LES GRAINES DE HIBISCUS SABDARIFFA L.
FERMENTEES : UN CONDIMENT OUEST AFRICAIN,
RICHE EN PROTEINES ; POTENTIEL VEHICULE POUR
LA FORTIFICATION EN FER.
Marcel D. Bengaly *, Augustin B. Bereé, Alfred S. Traoré.
Centre de Recherche en Sciences Biologiques, Alimentaires et Nutritionnelles (CRSBAN) /UFR-SVT,
Université de Ouagadougou.03 BP 7131 Ouagadougou 03, Burkina Faso.
*Auteur correspondant : [email protected]

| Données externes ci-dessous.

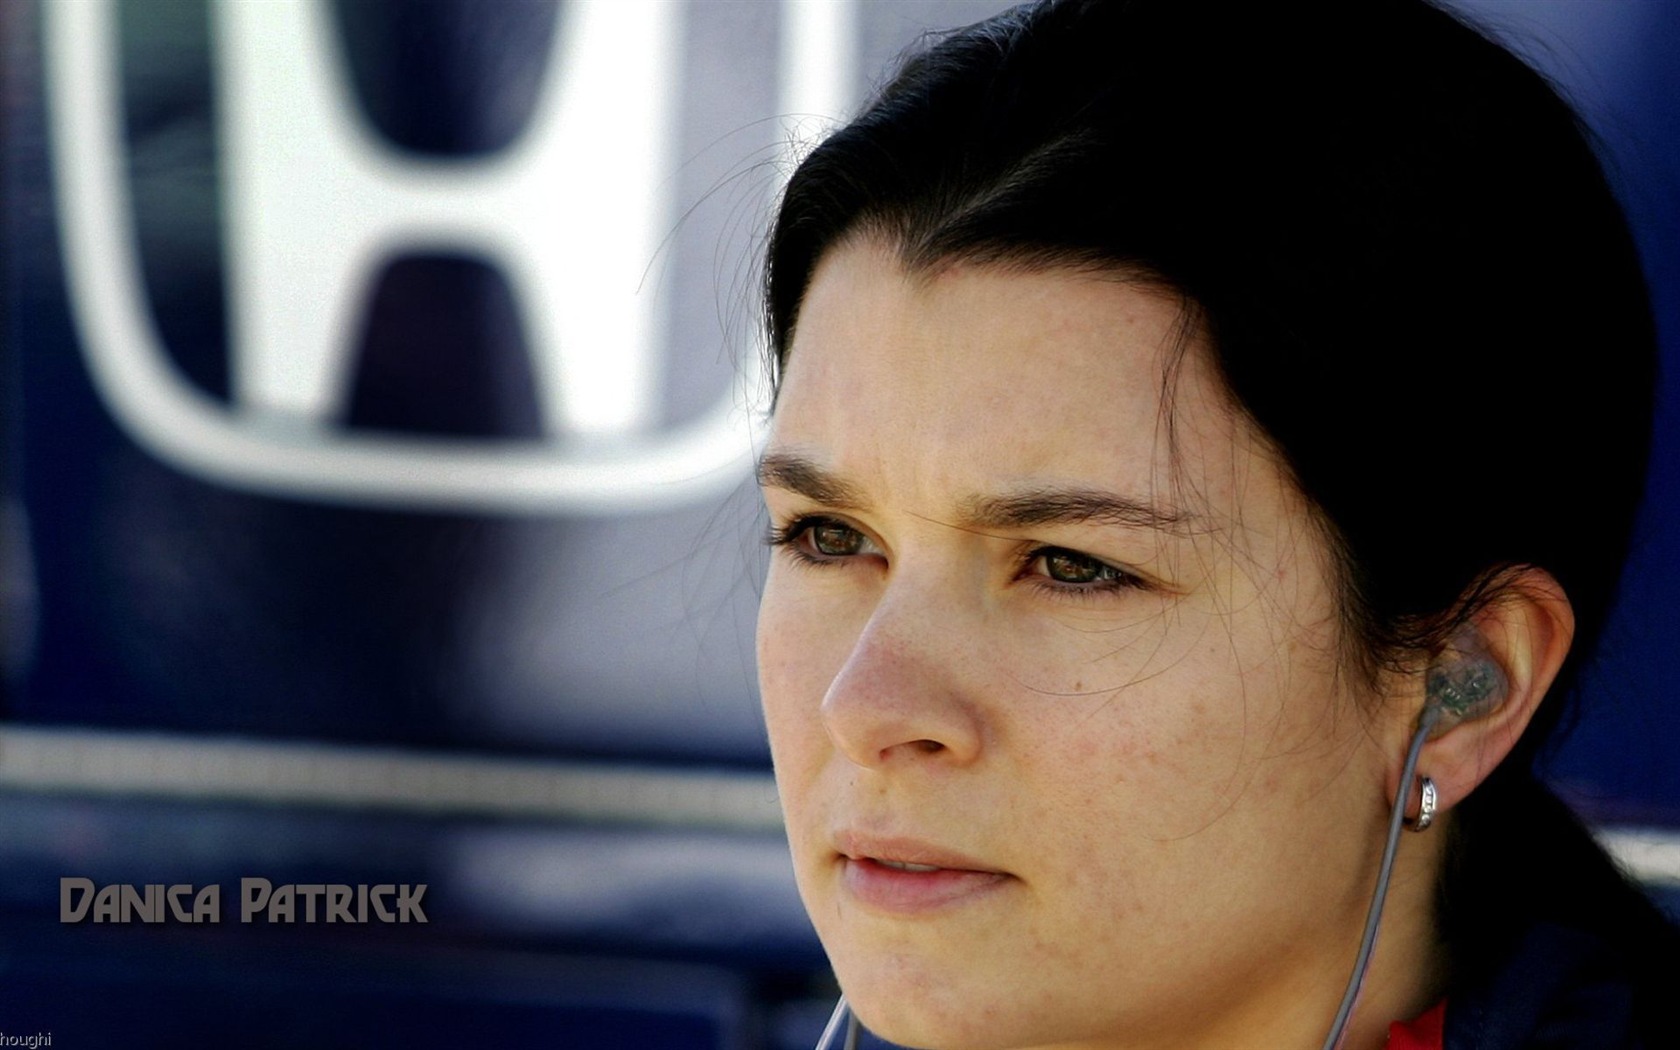 Danica Patrick #007 - 1680x1050 Wallpapers Pictures Photos Images

Mots Clés : Roselle ; Hibiscus ; fermentation ; Bi-Kalga ; protéines ; fer.
1. RESUME
Le Bi-Kalga est un condiment des sauces obtenu par fermentation naturelle des
graines de roselle (Hibiscus sabdariffa). Le procédé traditionnel de préparation consiste
à faire bouillir les graines de roselle pendant 10 heures environ, avant de les placer dans
un récipient hermétiquement fermé pour une fermentation spontanée de 72 heures.

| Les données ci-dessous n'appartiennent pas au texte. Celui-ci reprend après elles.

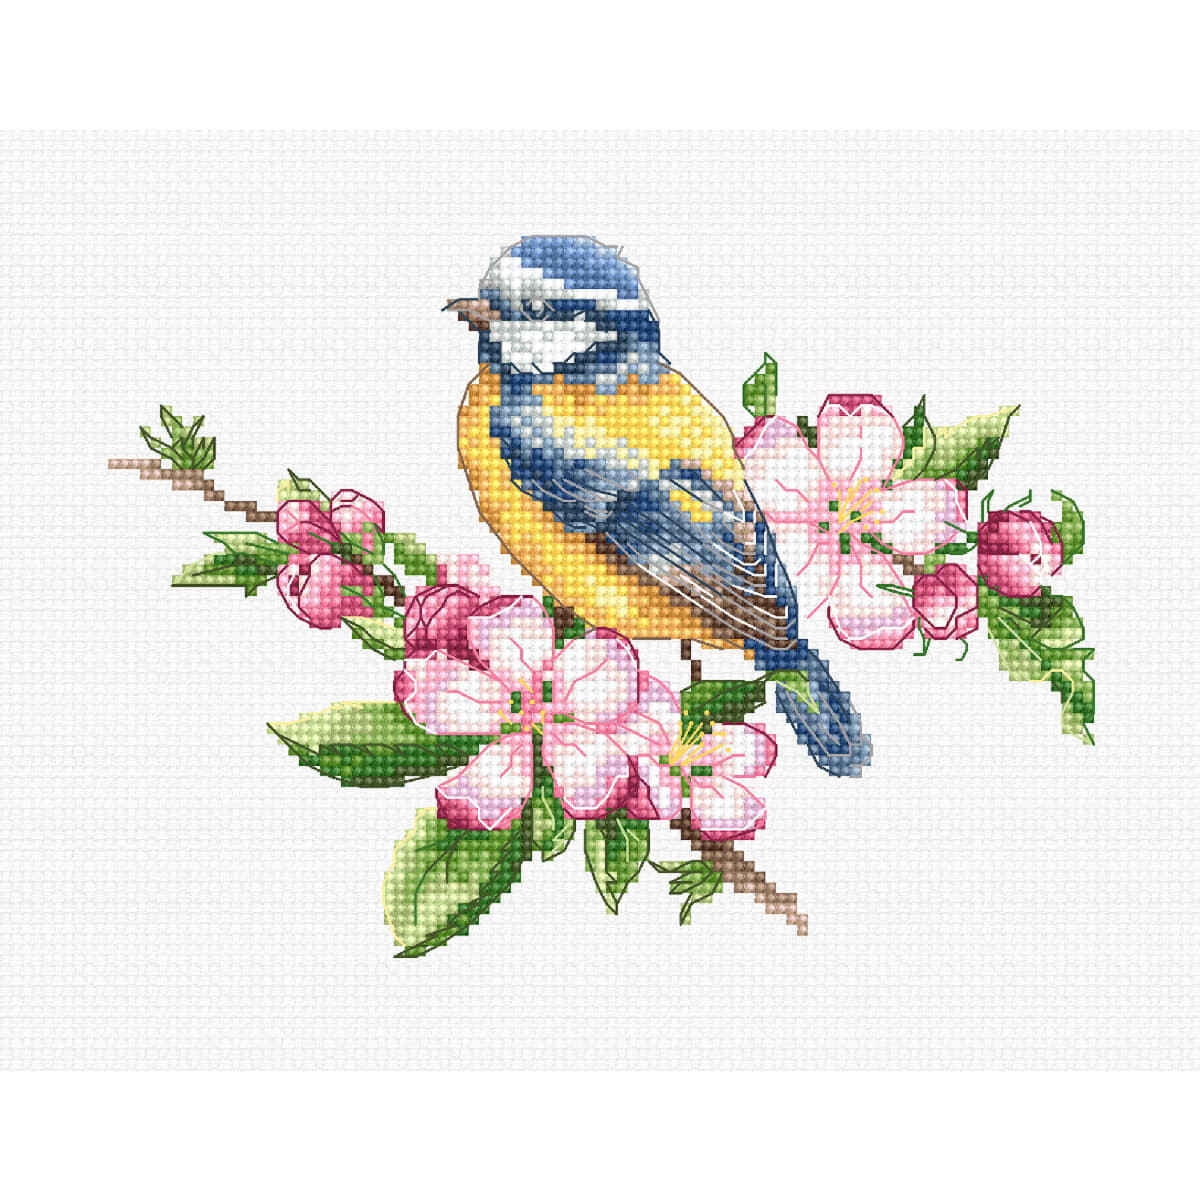 This embroidery kit from Luca-s features a cross stitch...

L’analyse de la composition des graines et du produit fermenté montre un relèvement
des taux de protéines de 0,5%, tandis que les taux de glucides (25-30%) sont réduits
d’environ 10%. Le produit fermenté renferme 28-37% de protéines ainsi que les 9
aminoacides essentiels. L’élément minéral principal du Bi-Kalga est le potassium (3 %).

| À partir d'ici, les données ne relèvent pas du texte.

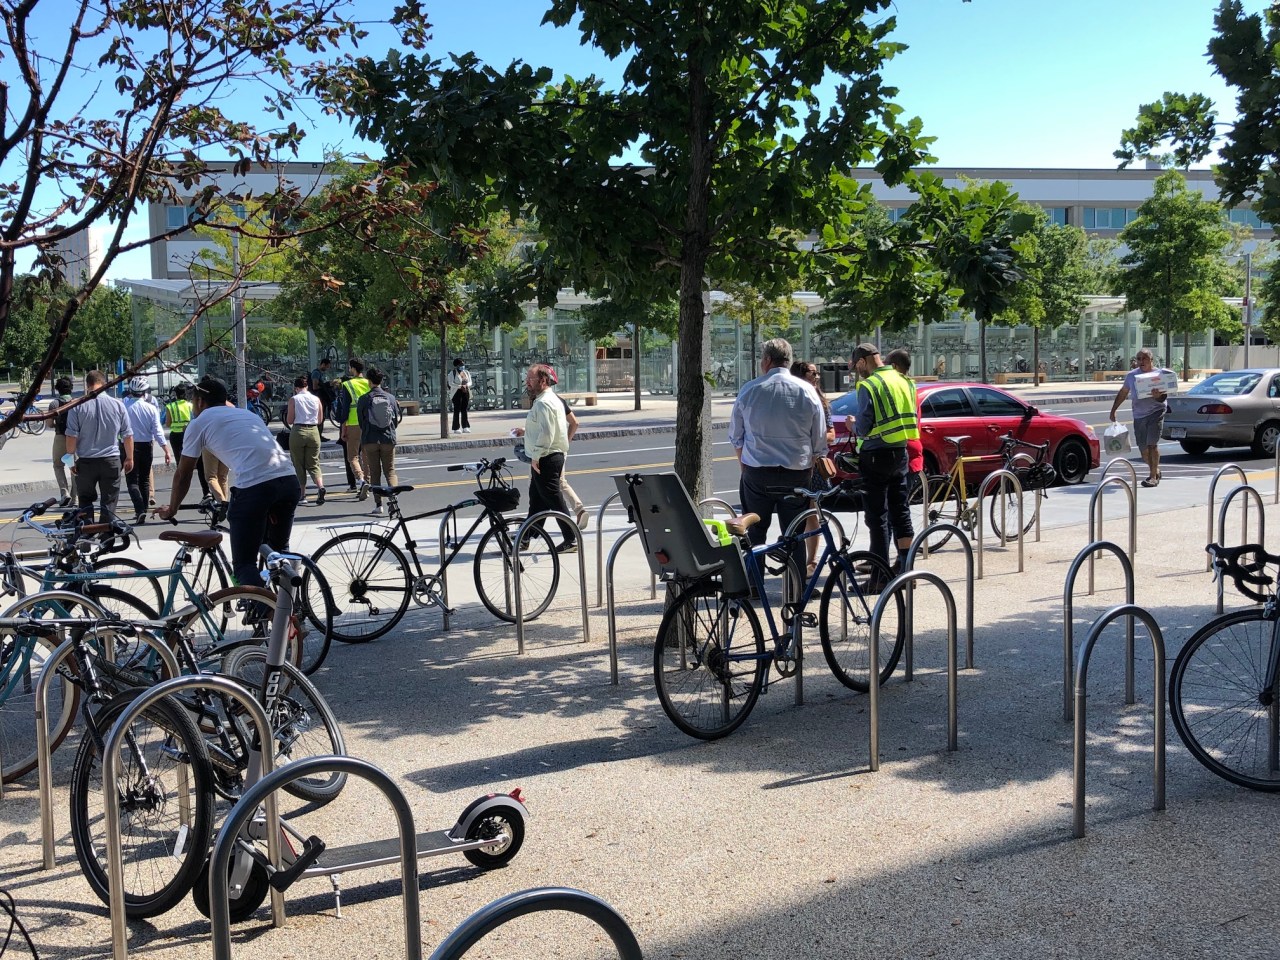 An array of U-shaped ground-mounted bike racks occupies a courtyard next to a small street. In the distance, on the other side of the street, is a long glass-clad bike parking shed full of bikes..

Il renferme très peu de fer (0,02%).
Trois Bacillus et un Staphylococcus sont couramment impliquées dans la fermentation
du Bi-Kalga. Deux Bacillus sont impliquées dans la fermentation initiale caractérisée
par l’excrétion d’exopolysaccharides et lipopeptides. La souche de Staphylococcus est
responsable de la genèse d’arômes spécifiques. L’excrétion de lipopeptides peut
expliquer l’utilisation de ce condiment comme désinfectant en médecine traditionnelle.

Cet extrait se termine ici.